Every single day I hear people say, “Don’t eat that, it gives you cancer,” but not once have I ever considered giving up something I like because of this advice. According to the American Cancer Society, more than 1,500 people die each day of cancer, and I highly doubt that all of these deaths were caused by the over-consumption of sweet stuff in the blue package or any other artificial food. Sadly, whether or not you’re conscious of all foods purported to cause cancer, there are other factors, including genes and environmental irritants, which we can’t control.

In light of October’s designation as Breast Cancer Awareness month, there have been countless advertisements in magazines, newspapers, TV commercials and numerous products specifically marketed for the cause. The purpose of the products and advertisements is to raise awareness and invite the country to support the fight against cancer.

As college students, our interactions with the outside world can be somewhat limited during our stay inside the UR bubble.

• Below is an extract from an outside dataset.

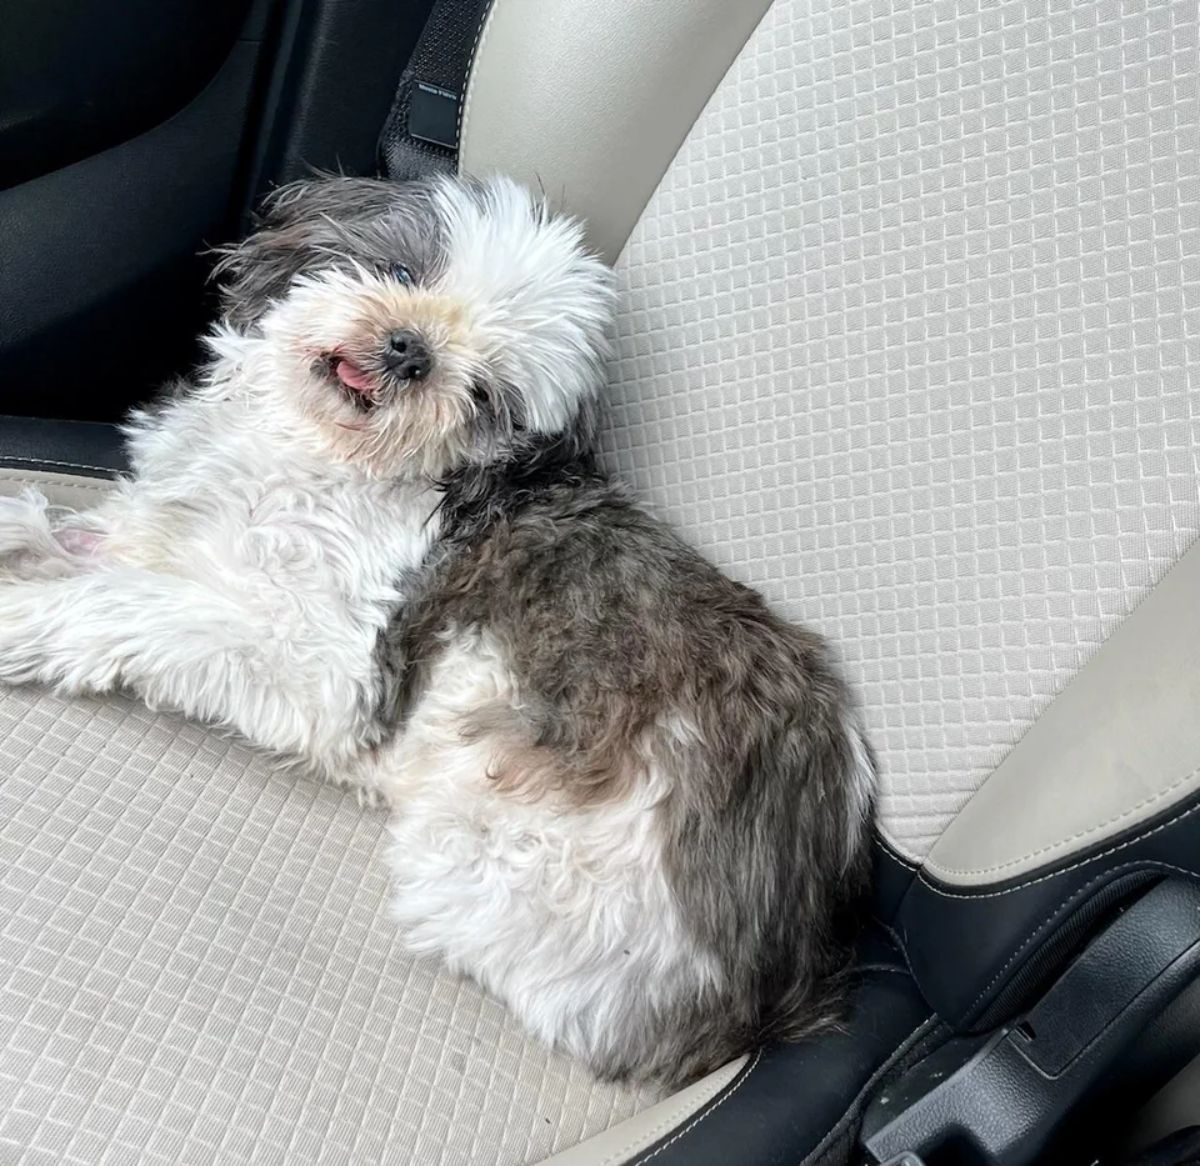 fluffy grey and white dog laying on a car seat with the tongue sticking out slightly
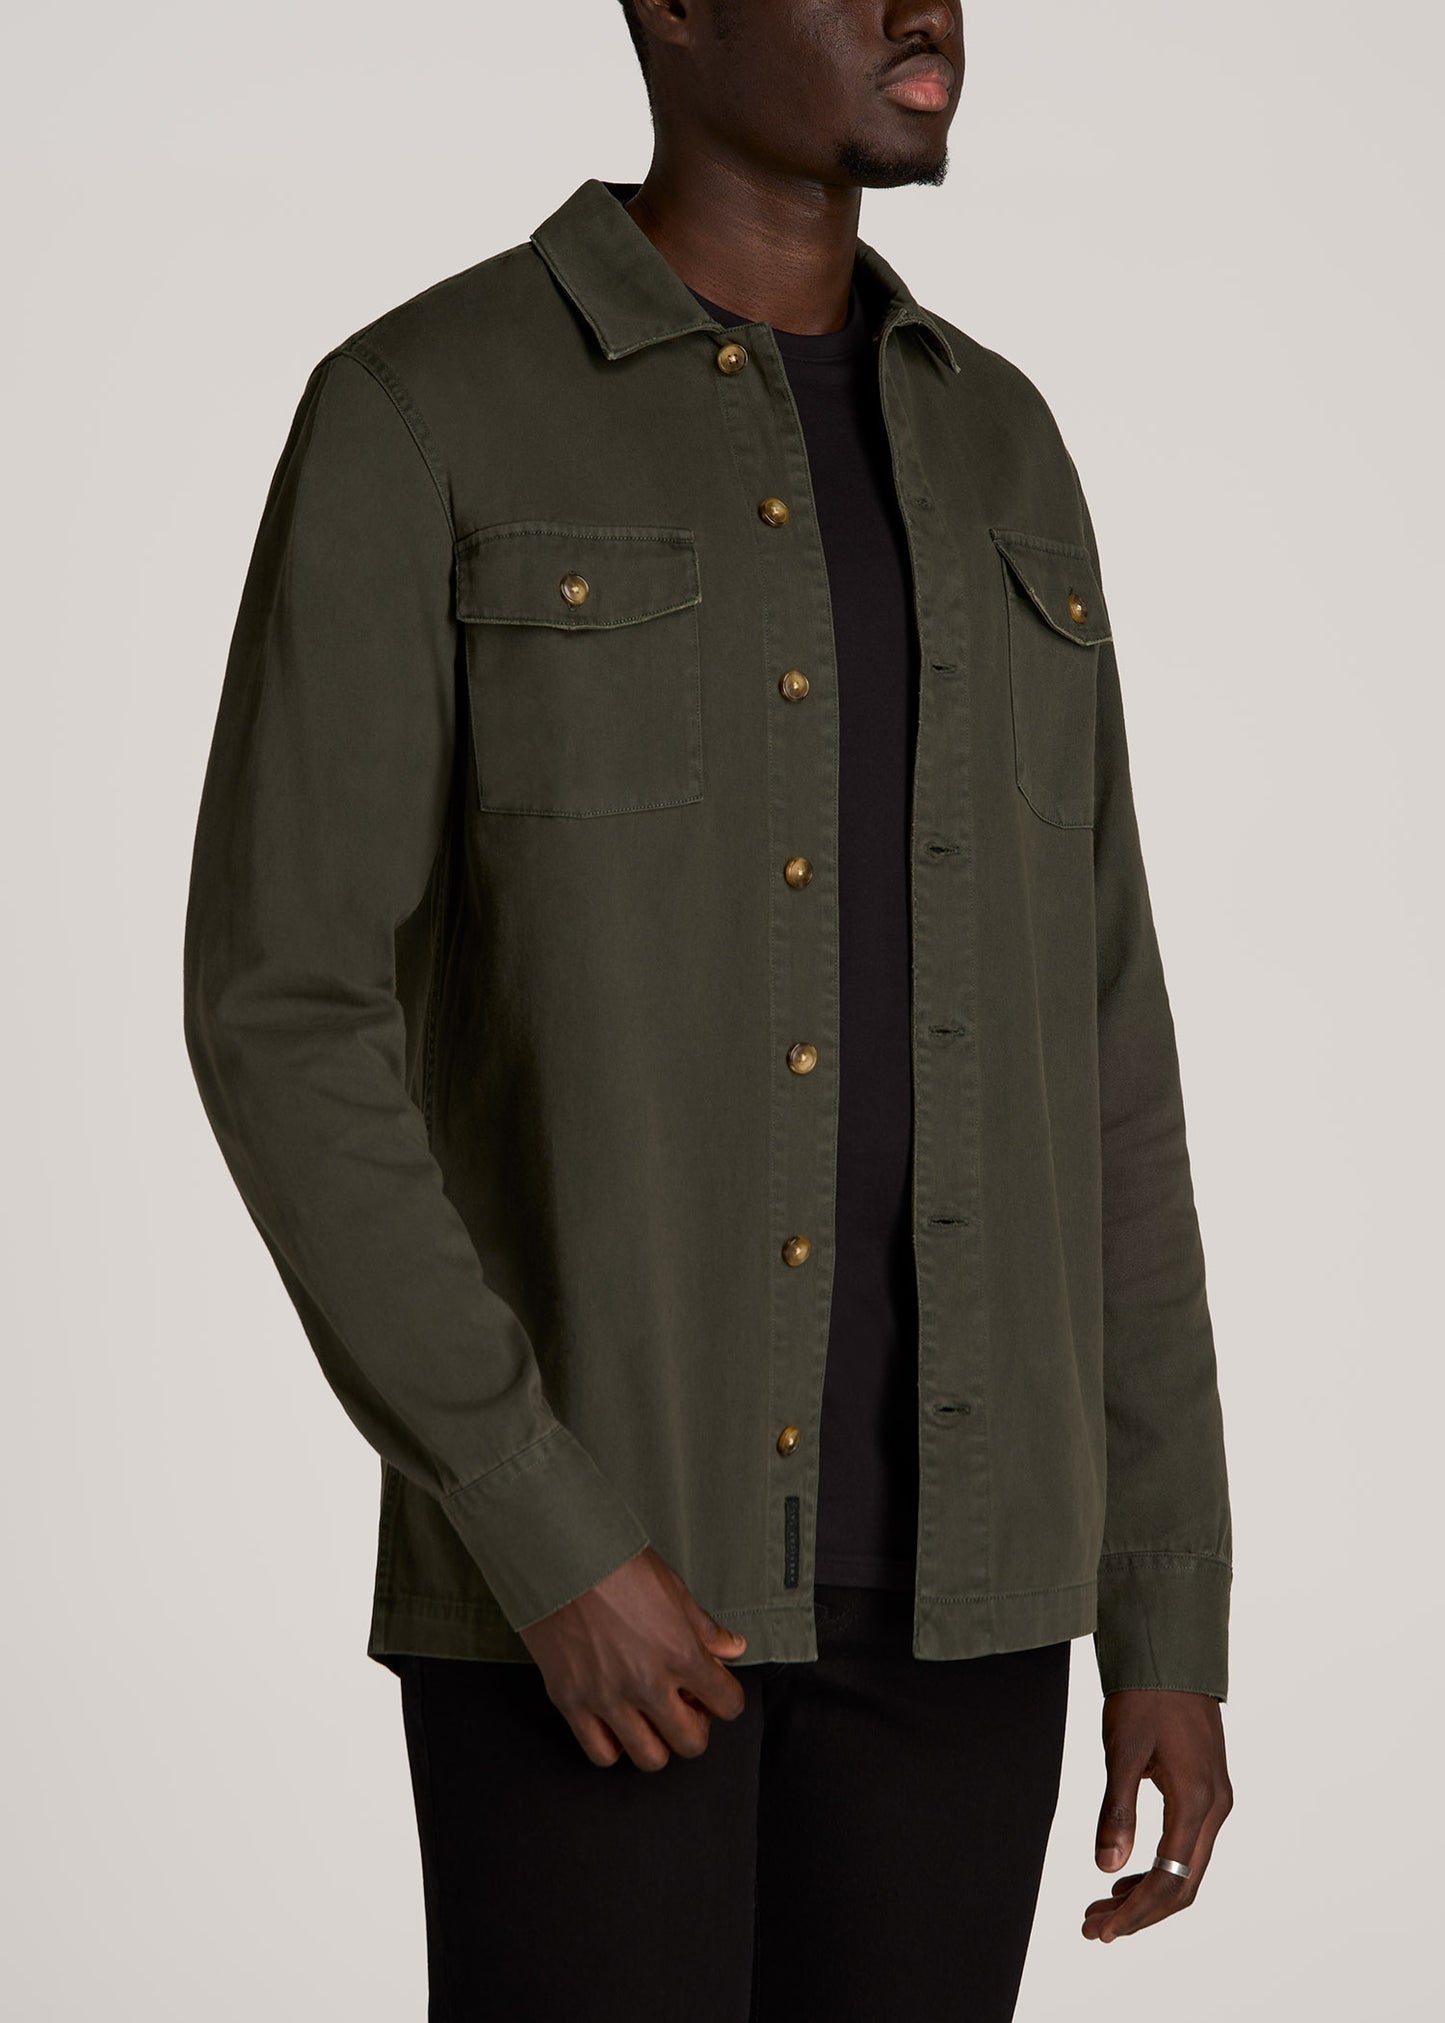 Garment Dyed Lightweight Overshirt For Tall Men in Spring Olive

Luckily, Colleges Against Cancer is an organization on campus that allows students to support and participate in the programs of the ACS.

CAC strives to combine efforts with the ACS to aid in ultimately eliminating cancer. The group works to spread cancer awareness to our campus through cancer education. CAC focuses on advocacy opportunities; they work with the college community to support survivorship in the area through different programs as well as volunteer opportunities. One of the better known and widely attended activities they plan is Relay For Life, occuring in the spring.

“Cancer touches the lives of most college students in one way or another, and CAC provides the opportunity to take an active role in fighting cancer,” CAC President and senior Jen Greenman said.

The organization has lined up several different activities for the month. The group had a table in Wilson Commons before the Making Strides for Breast Cancer Walk, which was during the first week in October. Coming up for another week, the group will be having a make-your-own breast cancer awareness ribbon station at the table so that people can stop by and make a ribbon to show their support on campus. Information on early breast cancer detection and general facts on breast cancer will be given out at the table.

The group’s final activity planned for the month is a project for children at Golisano Children’s Hospital. At the next general CAC meeting on Oct. 29, group members will be making Halloween cards, letters and candy bags for children who are patients at the hospital.

“It’s wonderful to let the children know that people are thinking of them and want them to enjoy special days even when they are in the hospital,” Greenman said.

Cancer is the second most common cause of death in the United States, exceeded only by heart disease. According to the American Cancer Society, 564,830 Americans are expected to die of cancer this year.

Although October is Breast Cancer Awareness Month, it is only one month that focuses on cancer, and this disease exists outside of October. You may see dozens of celebrities doing TV commercials to support the cause, and every store you go into may have special pink products, but just remember that even when the commercials stop airing after October, it doesn’t go away.

CAC is organizing a Relay For Life on April 20 in the Webster Field House. This is an overnight event that aims to celebrate cancer survivorship as well as raise money for cancer research and the programs that are run by the ACS. Students will have the opportunity to form teams and raise money. At the event they will take turns walking or running laps.

“Cancer never sleeps, so for one night, neither will we while we contribute to the fight,” Greenman said.

Weintraub is a member of the class of 2008.